INR stood firm, while former CIA director George Tenet, his deputy John McLaughlin, and other malleable intelligence community managers caved in to administration pressure. (I note with some amusement that the euphemism now in vogue is "leaning forward," as if that is not politicization.) In caving in, they became accomplices in the successful attempt to deceive Congress into voting for an unprovoked war. INR analysts dissented loudly from some of the most important key judgments of the infamous National Intelligence Estimate, "Iraq's Continuing Programs for Weapons of Mass Destruction" of Oct. 1, 2002.

For example:

- When the canard about Iraq seeking uranium from Niger insinuated its way into the estimate, INR inserted a strong footnote, dismissing the story as "highly dubious."

- INR analysts also debunked the fable about aluminum tubes for uranium enrichment for Iraq. Although then-National Security Adviser Condoleezza Rice portrayed the tubes as useful only in a nuclear application, State Department intelligence analysts joined the experts in the Department of Energy and UN engineers in pointing out, correctly, that the tubes were for conventional artillery.

- Most obstreperous of all, on the highly neuralgic nuclear issue, INR flat-out refused to predict when Iraq's "nuclear weapons program" was likely to yield a nuclear device. Why? Because it saw no compelling evidence that Vice President Dick Cheney was correct in claiming that the previous nuclear weapons program had been "reconstituted." In the best diplomatic language it could summon, INR said it was just too difficult to predict the culmination of any such program without having a start (or restart) date.

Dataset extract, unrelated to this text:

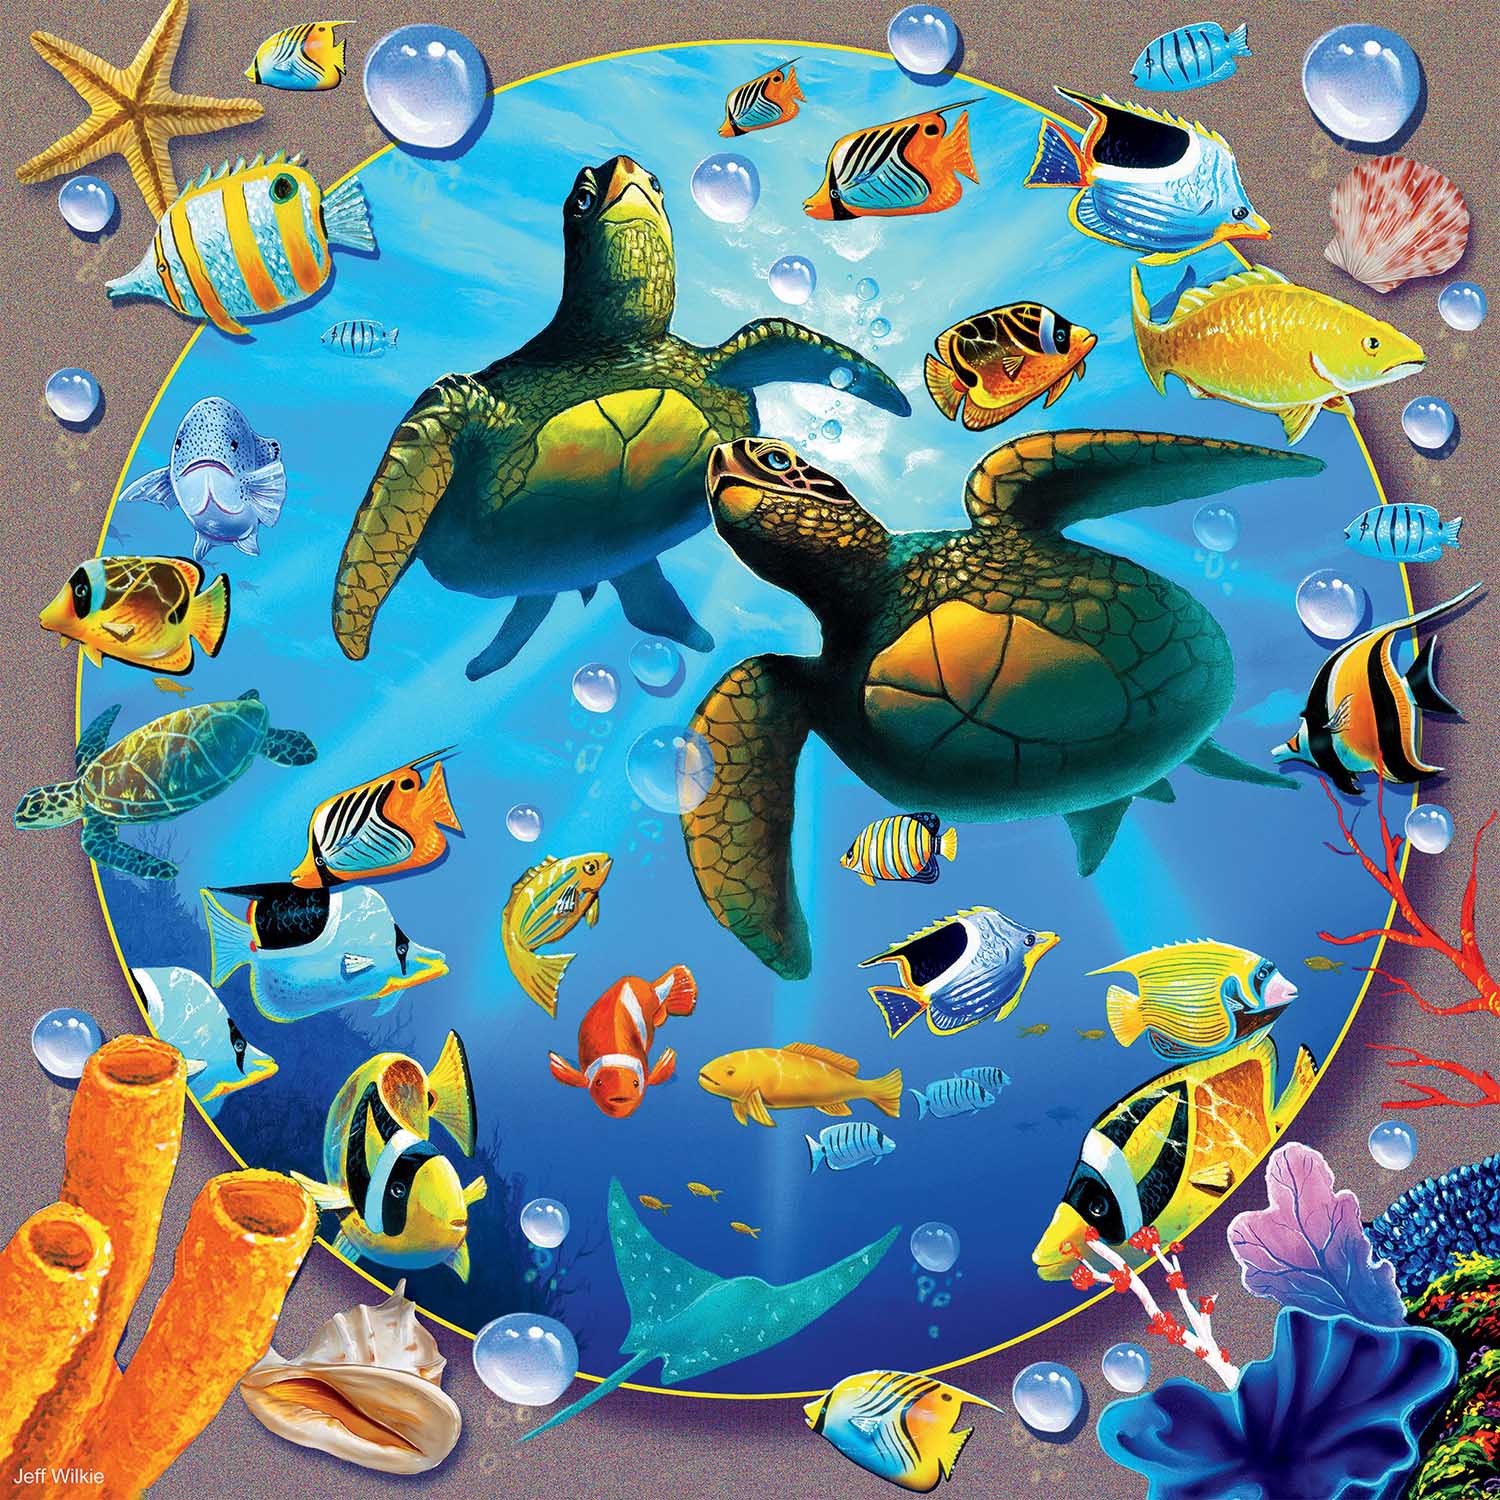 Honu Paradise Sea Life Jigsaw Puzzle

If that were not provocation enough, State Department intelligence analysts committed several other transgressions not directly connected to the NIE. INR's most experienced Middle East specialists prepared a study exposing as a chimera the notion that democracy could be brought to the area at the point of a gun. INR also provided invaluable support to the interagency team that worked hard to prepare sensibly for postwar Iraq. Its analysis and recommendations were trashed by Pentagon neophytes who knew the invasion would be a "cakewalk" – and by Vice President Dick Cheney, who knew that our troops would be seen as liberators. INR's director at the time was the widely respected Assistant Secretary of State Carl Ford, a man not for sale.

For 10 years, it had been de rigueur for the head of INR, the CIA director and FBI directors, and the director of the Defense Intelligence Agency to present together the annual worldwide threat assessment briefing to the Senate intelligence committee. But in February 2004, INR experienced the supreme penalty for having been right – ostracism. Senator Roberts did not invite the INR director to participate in the threat assessment. Roberts apparently wanted to preclude the possibility that some over-curious senator might ask why INR was able to get it mostly right on Iraq when everyone else was almost all wrong.

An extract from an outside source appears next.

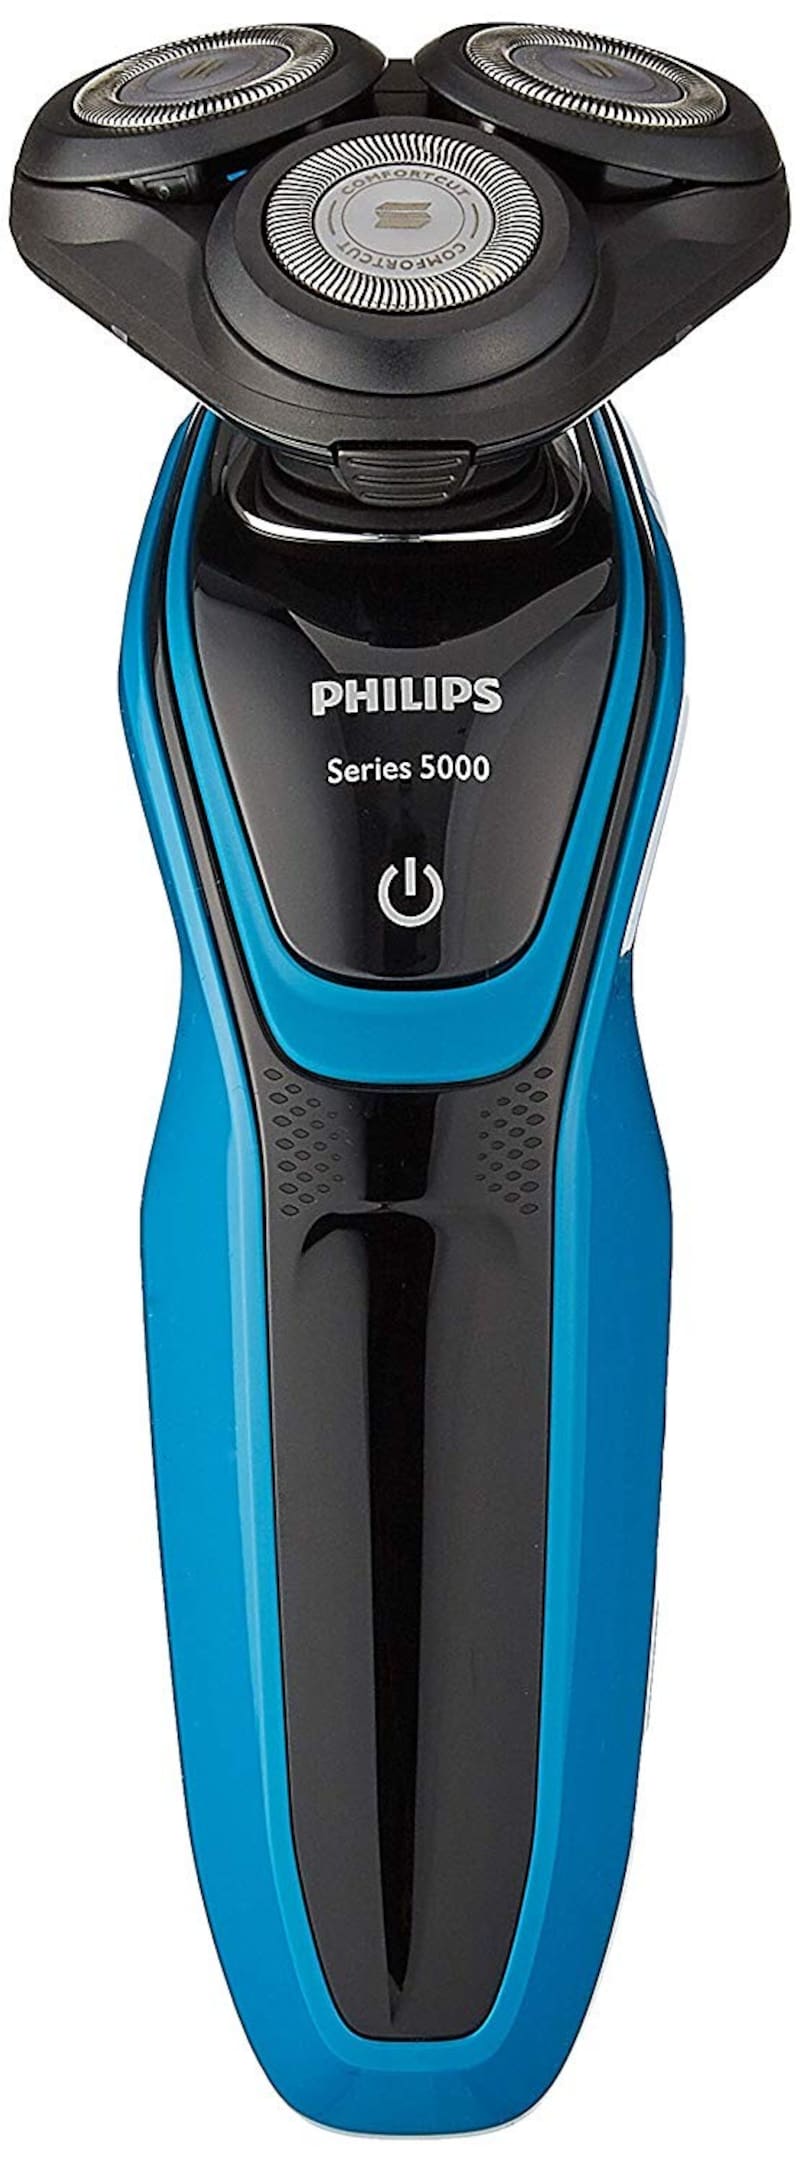 フィリップス, 5000シリーズ メンズ 電気シェーバー 27枚刃,S5050/05

Well, now we know. For who should show up at yesterday's Senate hearing on John Bolton's nomination for the post of UN representative but Carl Ford. He had not volunteered to testify and said he found it very awkward to do so – the more so, since he is a self-described conservative, a loyal Republican, an enthusiastic supporter of President Bush and his policies, and a "huge fan" of Vice President Dick Cheney. Nonetheless, Ford saw it as his duty to comment on the fitness of Bolton for the UN post, because of its importance and his profound misgivings regarding Bolton.